Dr. Selcer: “It’s a fun challenge and kind of the center of my research. I think that in some ways, different time scales make different things visible and they can provide powerful insights into how change has happened over the history of our planet, but they also can obscure things. Through a geologic time scale of millions of years, you’re not even looking at species in the fossil record, you’re generally looking at genera or families and you’re seeing these sorts of dynamics change. And that kind of perspective does provide important insights, but they’re different and make more specific kinds of history invisible. So in one sense, choosing the right scale for the kinds of questions, analysis, and interventions you want to make is critically important in understanding what you’re not seeing. At the same time, there’s this issue about the need to understand how these different scales are interacting at different periods of time, that they’re all kind of functioning simultaneously. We have trouble, maybe it’s even impossible to have a synoptic view that integrates them all simultaneously. One of the things I’ve learned from this research is that this unfathomable sense of geologic time is not very helpful. One of the messages is that well, humans aren’t that important, and that can have a spiritual, powerful sense of the majesty of the universe that we’re in, which I do appreciate. I don’t want to discount that, but it can also have the effect of making you feel insignificant in terms of the kind of issues that we’re facing, which I don’t think is true and is not always helpful. In the same sense, hanging out with geologists and paleobiologists, they can fathom these times. Once you get practiced at it you can go out in the environment and see hundreds of millions of years of time passing, see where epochs are missing, and be awed by your appreciation for it, rather than by the kind of overwhelming sense of, wow, I can’t possibly understand that.”
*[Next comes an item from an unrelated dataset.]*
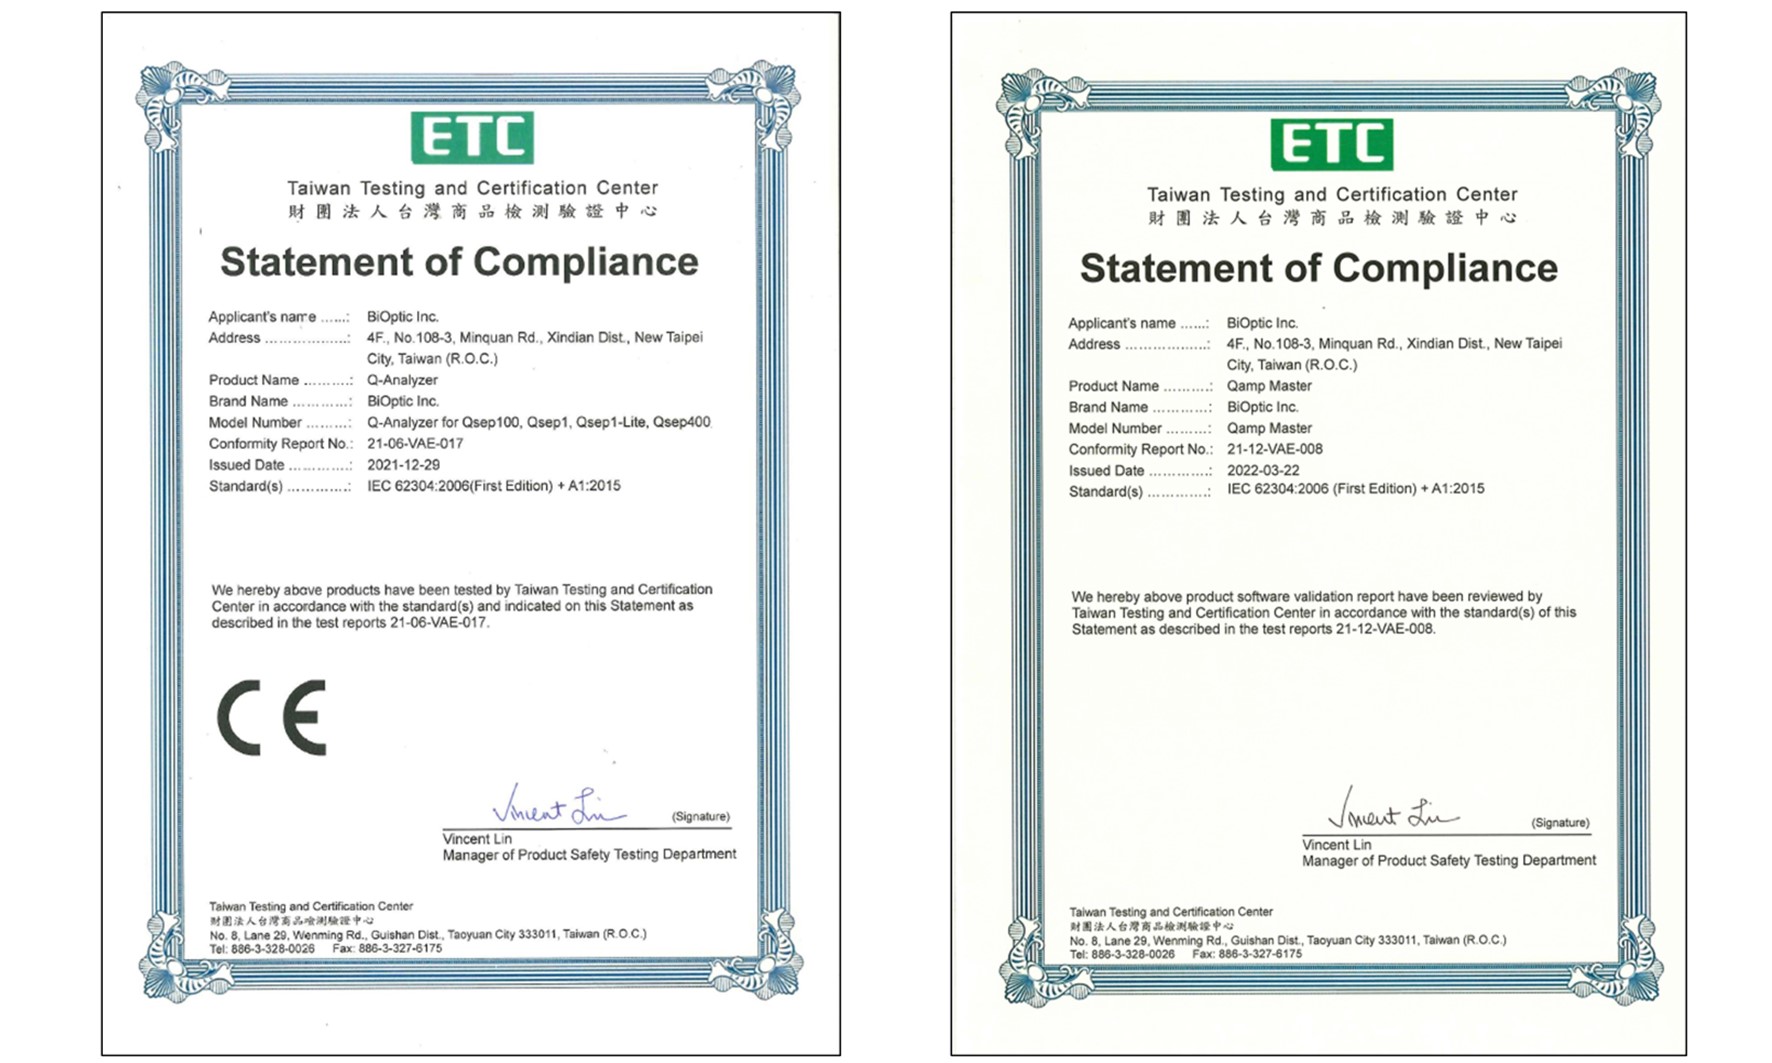 恭賀! 光鼎生技獨家開發分析軟體再獲IEC62304認證!

Where do you see the humanities in the climate change conversation?
Dr. Selcer: “It’s critical that when we’re thinking about sustainability, environmental justice, and climate change, that we include the humanities and social sciences in those conversations. Because in some ways, the technical issues and the scientific issues are the easiest to solve, but we feel hopeless, yet we have solutions, we have those technologies available now. The relationships that are getting in the way, in some ways, these human relationships are really harder to work through. And I do think that history and anthropology and literature and philosophy and all sorts of other disciplines and specialties and other voices outside of the academy play a critical role.”
What advice do you have for other educators?
Dr. Selcer: “Well, for me and many of my colleagues, I think that we tend to, or I tend to look at these issues in terms of environmental justice more than sustainability. Sustainability doesn’t imply or include for whom, it kind of assumes that this planet is going to be working for everybody equally. From history, I take that these kinds of massive changes have happened, and learning to live with change is really key, and to be able to do that ethically it helps to adopt a justice platform. Which is to ask, who’s going to win and who’s going to lose from the kinds of changes, that makes you pay attention to the vulnerable peoples and the accountability for who’s actually causing these kinds of changes. But also environmental justice includes nonhumans: plants, animals, and organisms. Trying to think about our relationships with them as a part of our community is a more useful and exciting frame, that invites in humanities, social sciences, Indigenous knowledge, and other ways of knowing in addition to the natural sciences.”